The Chinese government recognizes the contributions of international NGOs in China's economic and social development and praises their contributions in fields like culture, education, health and poverty alleviation, Li said.
However, he added, the public and Chinese government also find some international NGOs conducting illegal activities in the country.
"Therefore, improving the registration and management of international nongovernmental organizations' activities in China is imperative," he said.
Existing regulations have loopholes that stipulate rules only for foreign foundations setting up offices on the mainland, he stressed.
The specific do's and don'ts for international NGOs' activities on the mainland will be added as the government amends the three management regulations for three types of NGOs — foundations, non-enterprise work units and social associations, he said.

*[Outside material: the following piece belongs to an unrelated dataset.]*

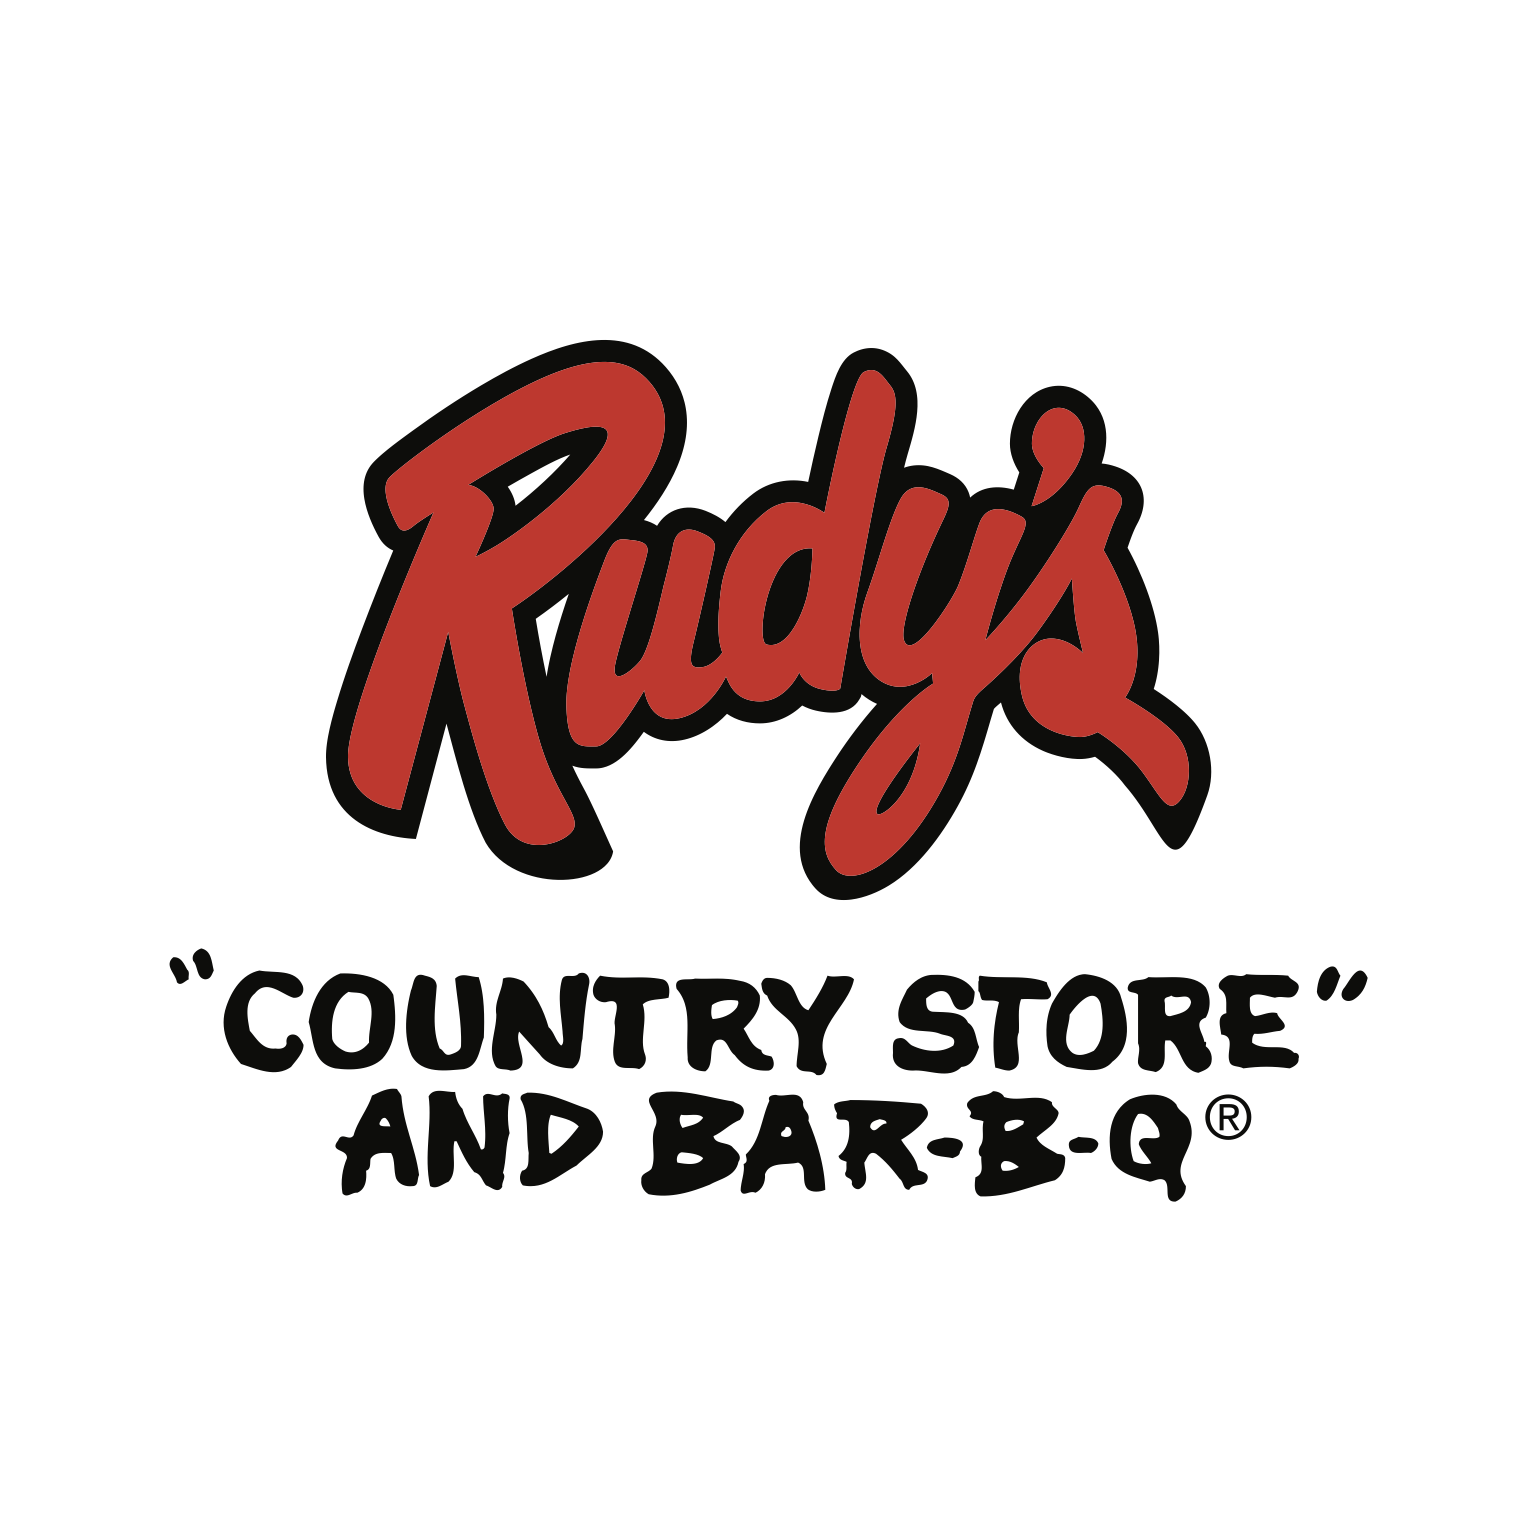 Rudy's "Country Store" and Bar-B-Q Photo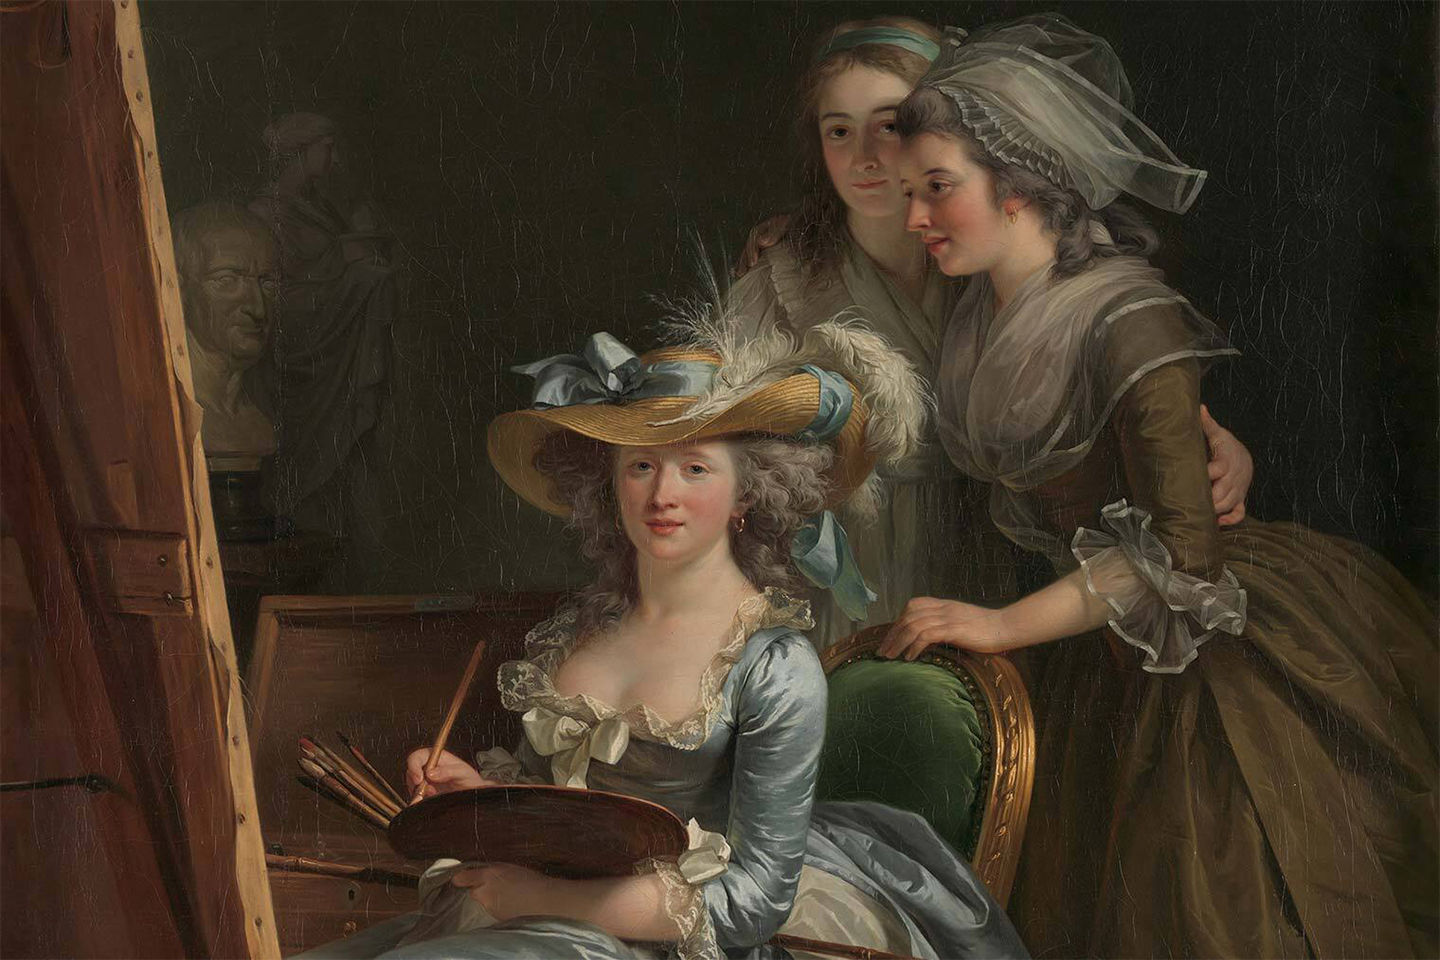 A painting of three women in an 18th-century painting studio

The media last year exposed a series of scandals in the philanthropic sector, some involving prestigious organizations such as the Red Cross Society of China and the China Charity Federation.
As the top supervisory organ for NGOs including charitable organizations, Jiang Li, vice-minister of civil affairs, pledged that the Ministry of Civil Affairs will step in and conduct further investigations and deliver proper punishment to illegal activities of NGOs whenever the media expose them.
Jiang also attended the news conference at the State Council's Information Office on Thursday.
As the authority of NGO registration, the Ministry of Civil Affairs conducts annual inspection on NGOs' financial situations, internal governance and vital information disclosure, especially in terms of fundraising activities.
Jiang added that the ministry also requires a qualified third-party institute to audit the financial reports of NGOs and give star ratings for NGOs based on an independent organization's evaluation on their annual performances.
Deng Guosheng, director of the NGO research center at Tsinghua University, believes that the government's annual inspection play a "limited" role in monitoring NGOs effectively.
"The yearly official check is heavily relying on the information that NGOs filled in the form. Therefore, it leaves freedom for NGOs to manipulate the information," he said.
In addition, it is also questionable how independent a third party in evaluation work can be when work is usually government-dominated, he added.